Let’s say we are coding a car system. We want to manually create, boost or destroy each car as many times needed during our game. Traditional code and modules would give us this

local Car = {}

function Car.CreateCar()
	local Car = {}
	Car.Speed = 10

	return Car
end

function Car.BoostCar(Car)
	Car.Speed += 5
end

function Car.DestroyCar(Car)
	table.clear(Car)
end

return Car
local Car = require(Car)

-- // On Player Joined
local newCar = Car.CreateCar()

-- // On Player Pressed Boost
Car.BoostCar(newCar)

-- // On Player Left
Car.DestroyCar(newCar)

There are 3 glaring problems with this approach:

1. Does not scale well during production

2. Our methods are entirely disconnected from the actual newCar object, and we are forced to index directly from the Module table.

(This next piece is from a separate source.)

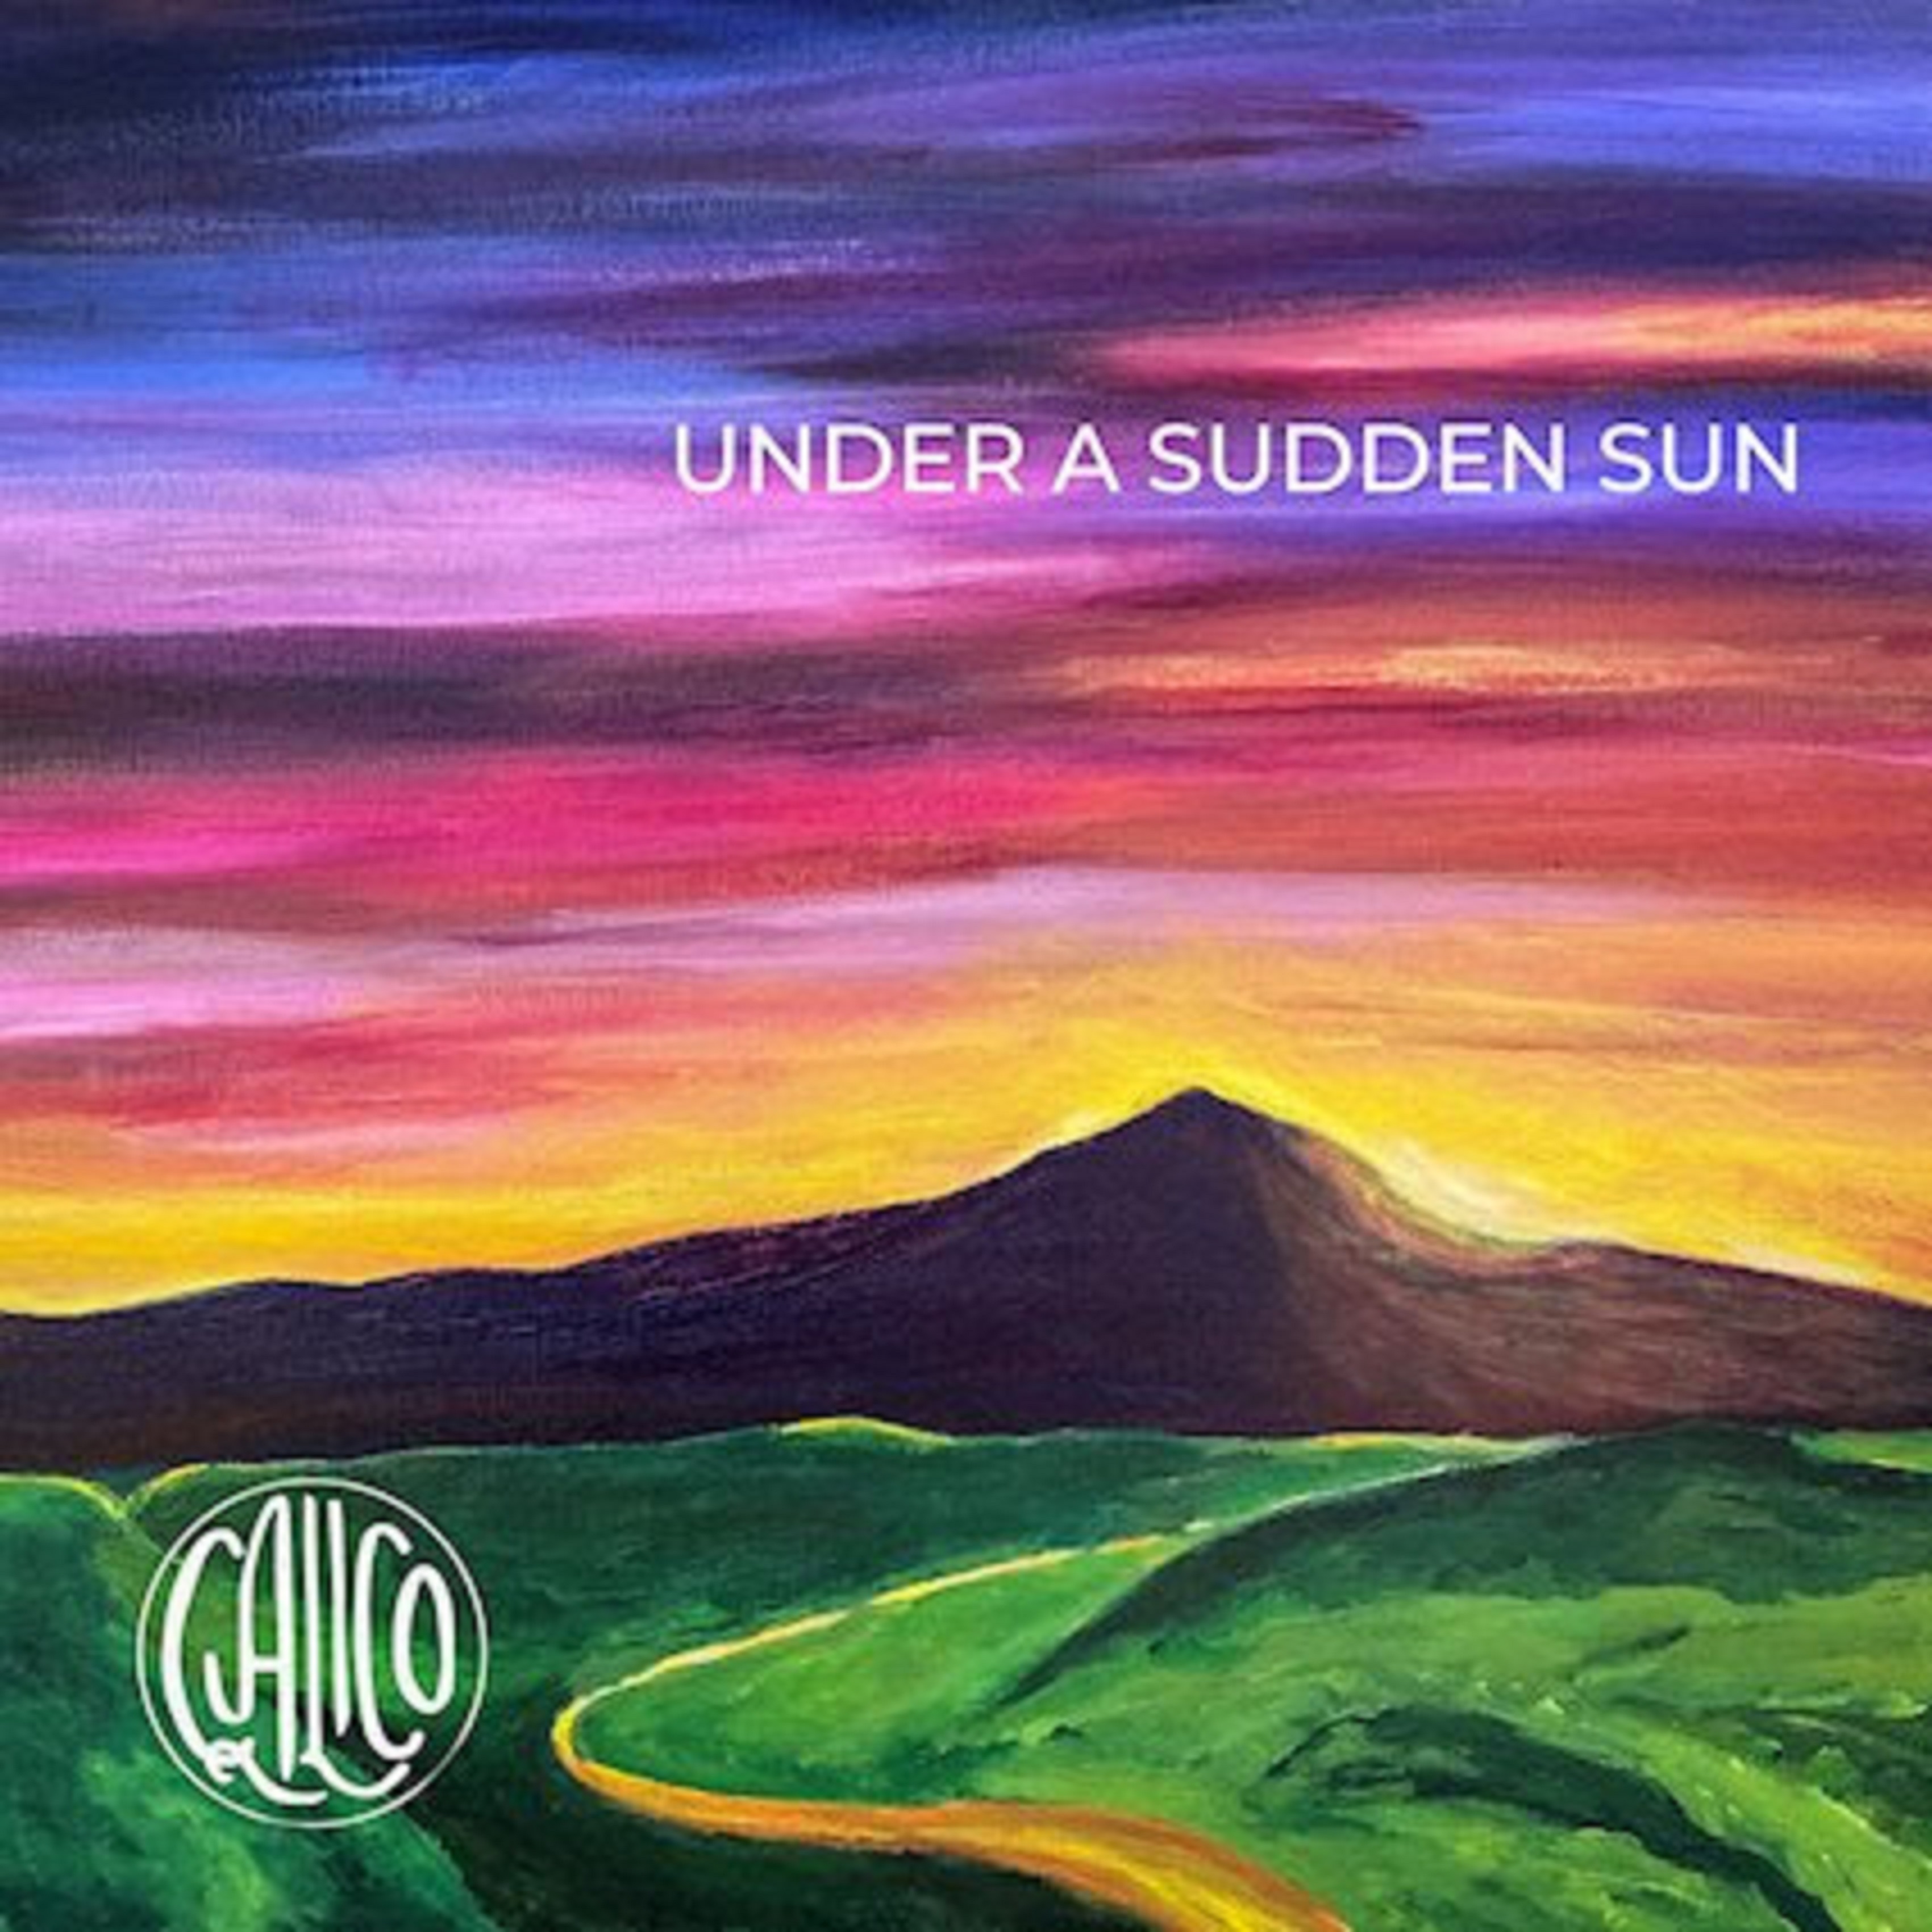 CALICO release their meditative Americana/folk album "Under a Sudden Sun"

  • This means we have to manually pass our self argument (In this case, Car table) which can get pretty confusing really quick.

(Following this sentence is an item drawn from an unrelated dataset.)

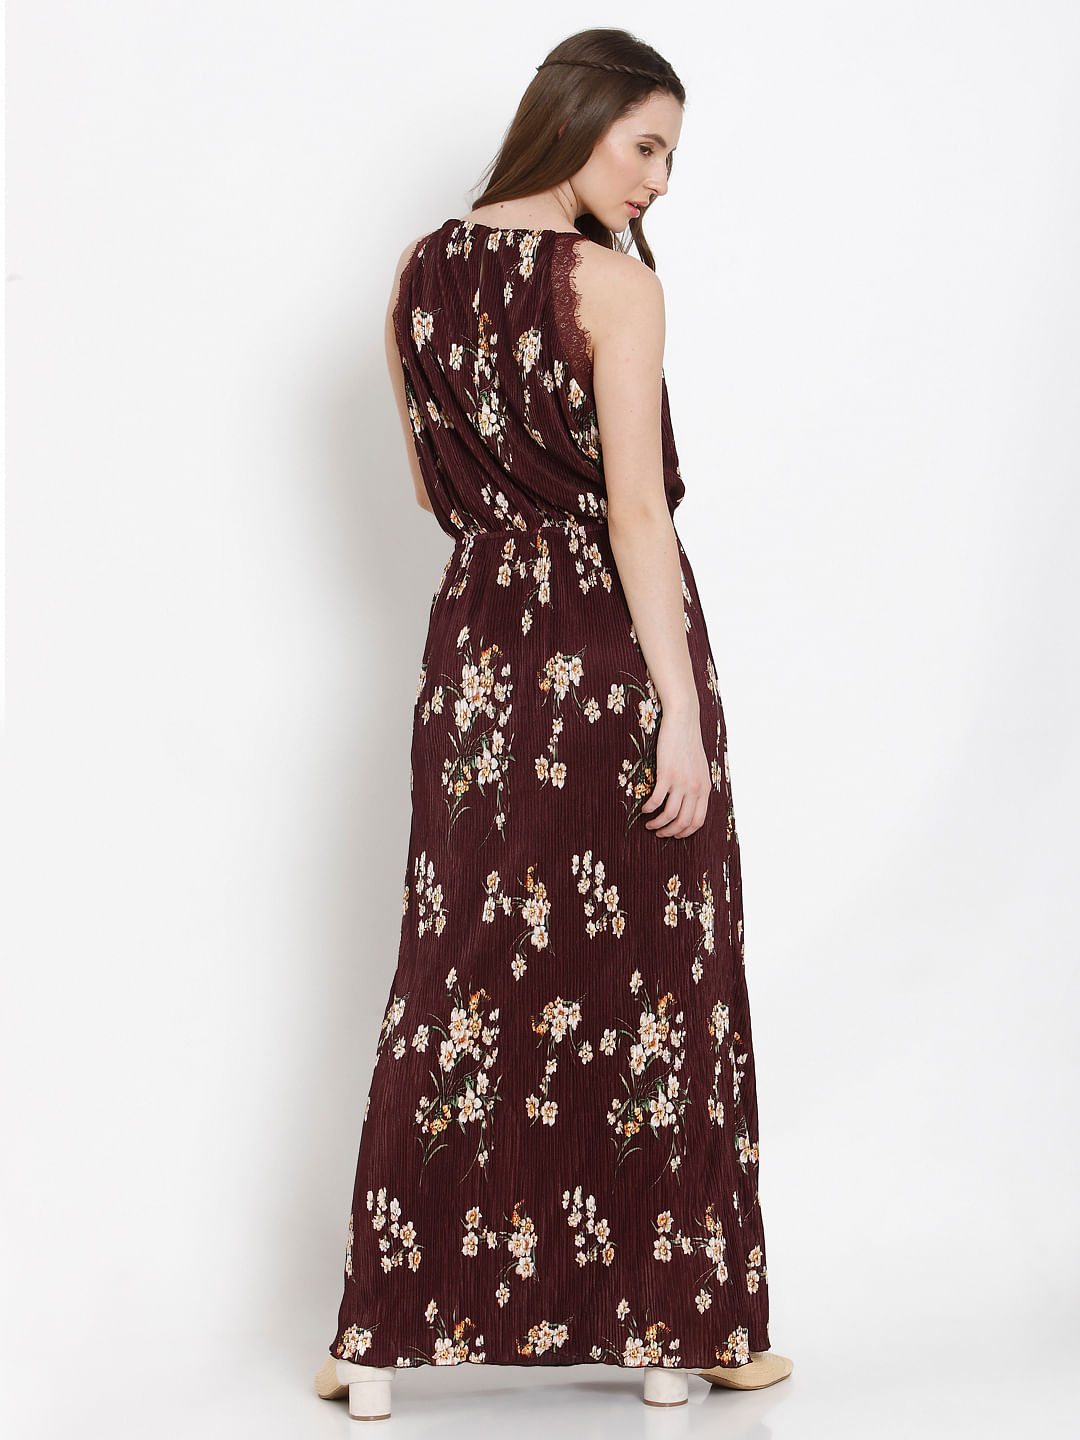 floral maroon dress

  • On a readability standpoint, Car.BoostCar(newCar) is bloaty and unintuitive. If you want to have multiple Cars that you want to boost separately, this can become an eye sore real fast.


Now if we incorporated OOP our code would look more something like this

local Car = {}
Car.__index = Car

function Car.new()
	local self = {}
	setmetatable(self, Car)
	
	self.Speed = 10

	return self
end

function Car:Boost()
	self.Speed += 5
end

function Car:Destroy()
	table.clear(self)
end

return Car
local Car = require(Car)

-- // On Player Joined
local newCar = Car.new()

-- // On Player Pressed Boost
newCar:Boost()

-- // On Player Left
newCar:Destroy()

We can now freely call methods on each separate Car which makes this solution more scalable and more flexible.

In the end, if using OOP isn’t benefitting you, you’re probably using it wrong. It’s really easy to overengineer on new concepts but remember you’re free to use whatever paradigm you want whenever you want in your code.